Intel’s €30 billion ghost factory
Intel had committed to building a €30 billion manufacturing facility in Magdeburg, Germany. It was supposed to be a cornerstone of Europe’s semiconductor renaissance. Intel scrapped the project despite having been offered €10 billion in public aid to make it happen.
Chips Act II and the AI pivot
A sequel is in the works. The so-called Chips Act II is expected to launch as a formal proposal in late May 2026. The key change: it would grant the EU Commission direct funding capabilities for manufacturing, rather than relying solely on member states to channel support.
The second act also pivots toward artificial intelligence technologies. AI workloads are the fastest-growing source of chip demand globally, and Europe doesn’t want to find itself dependent on foreign silicon for the next computing paradigm the way it was dependent on foreign chips for cars and smartphones.
What this means for investors
The investment case here splits into two timelines. In the near term, European semiconductor equipment makers, materials suppliers, and construction firms tied to fab buildouts stand to benefit from the capital flowing into new facilities. The €80 billion-plus in commitments already on the books translates into real procurement contracts and real revenue for companies in those supply chains.
Intel’s cancellation demonstrates that announced investments and completed factories are very different things. Investors should watch the gap between commitments and actual operational capacity closely.

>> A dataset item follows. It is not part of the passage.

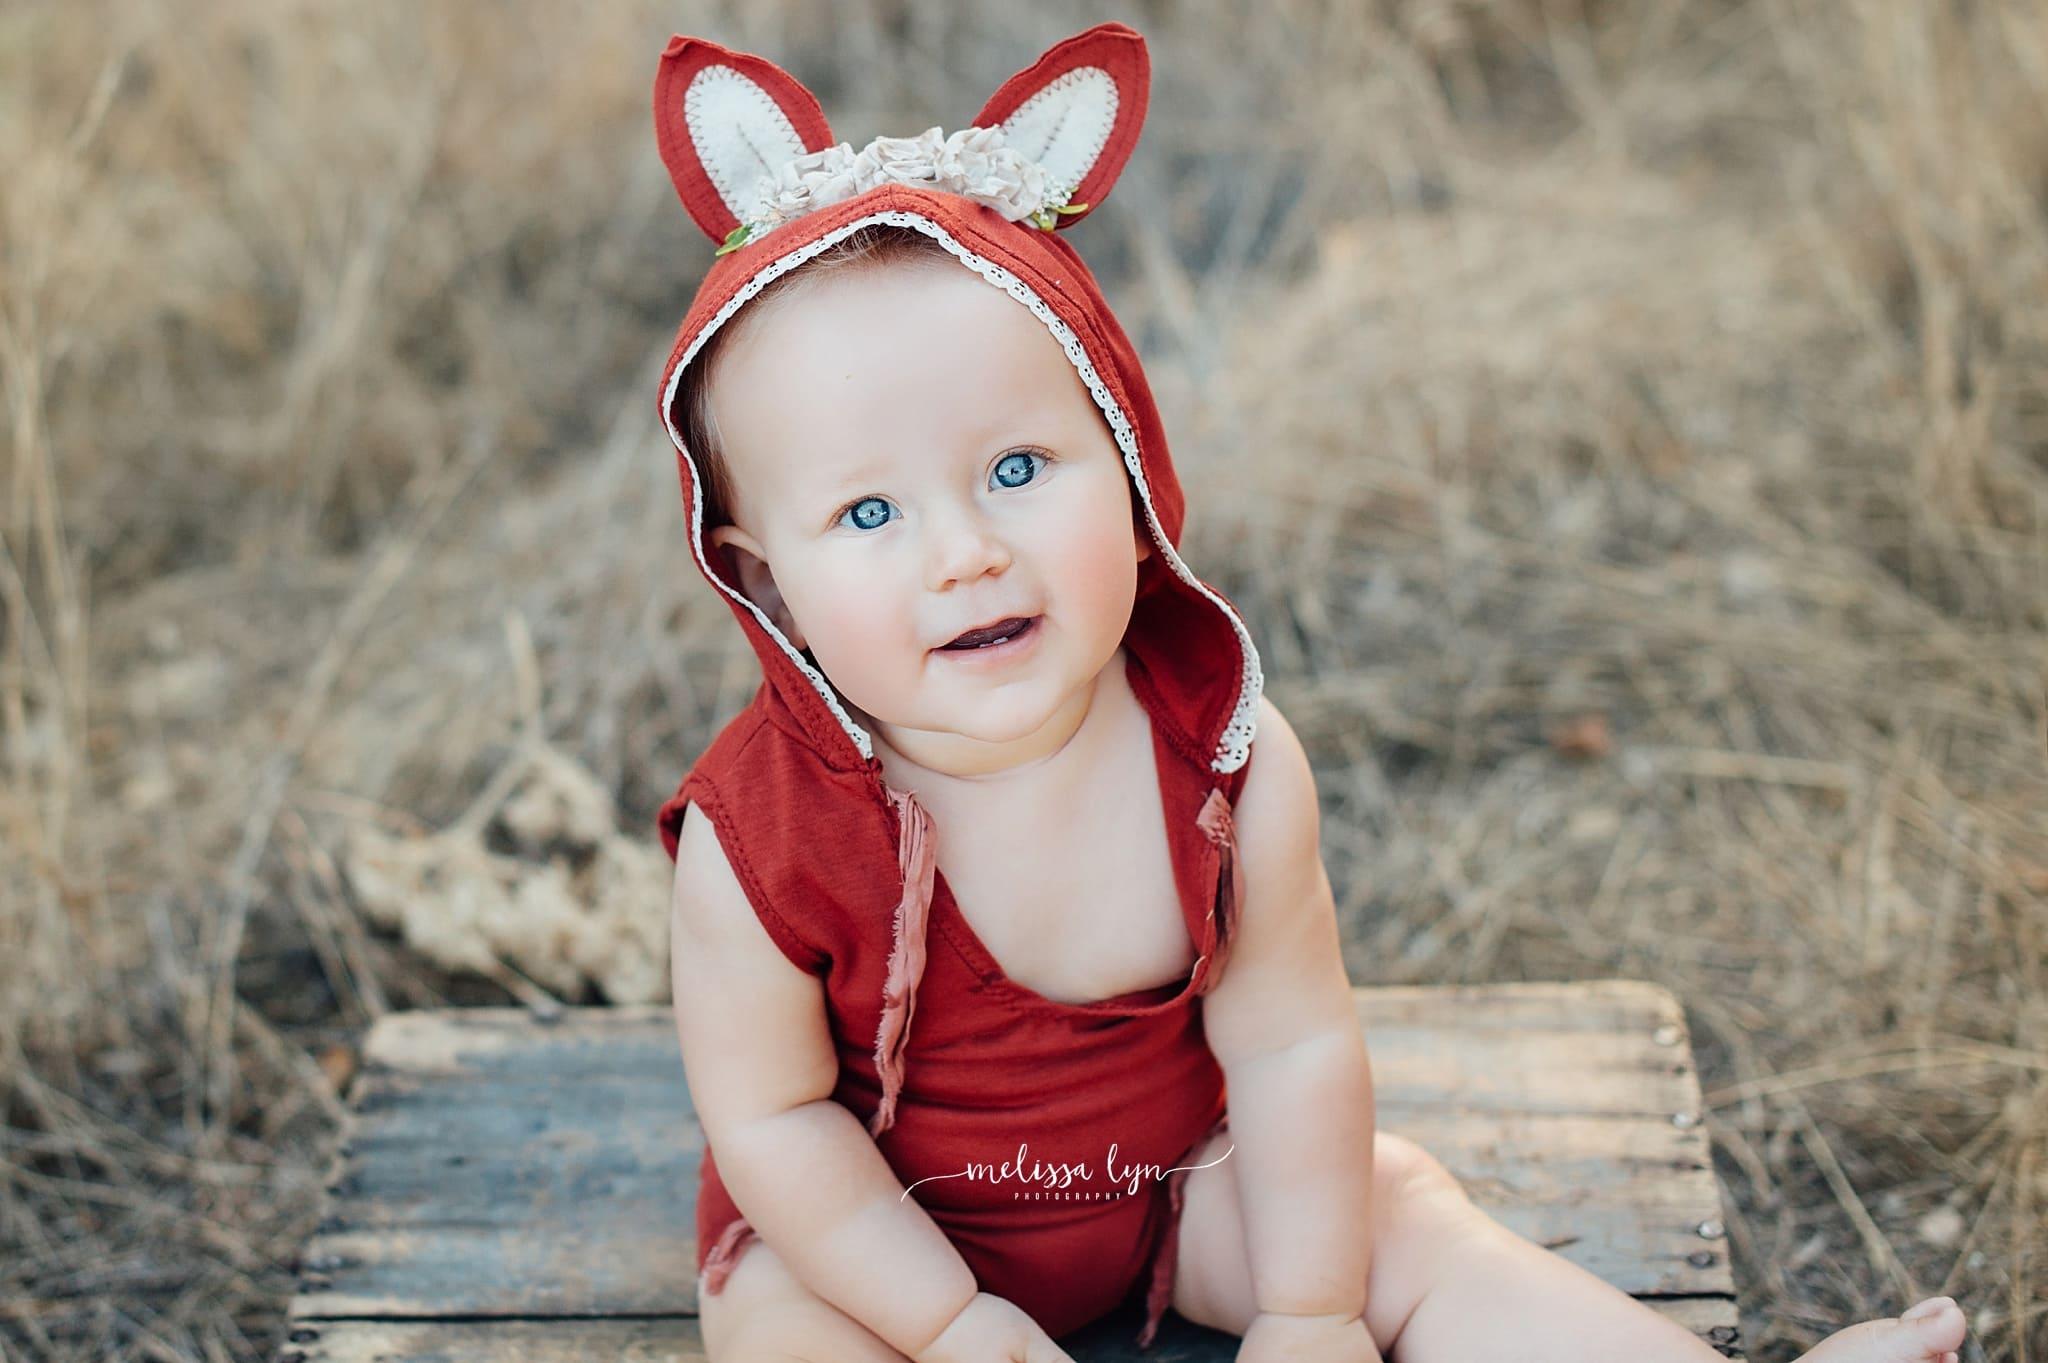 temecula baby photographer, murrieta baby photographer, outdoor baby photographer, boho baby photographer

A €120 billion announcement pipeline means less if significant chunks of it follow Intel’s Magdeburg facility into the graveyard of cancelled megaprojects.
If the Chips Act II successfully centralizes funding authority at the Commission level, it could accelerate decision-making and reduce the political haggling that slows down member-state-driven subsidy programs, affecting whether the 20% market share target by 2030 is achievable.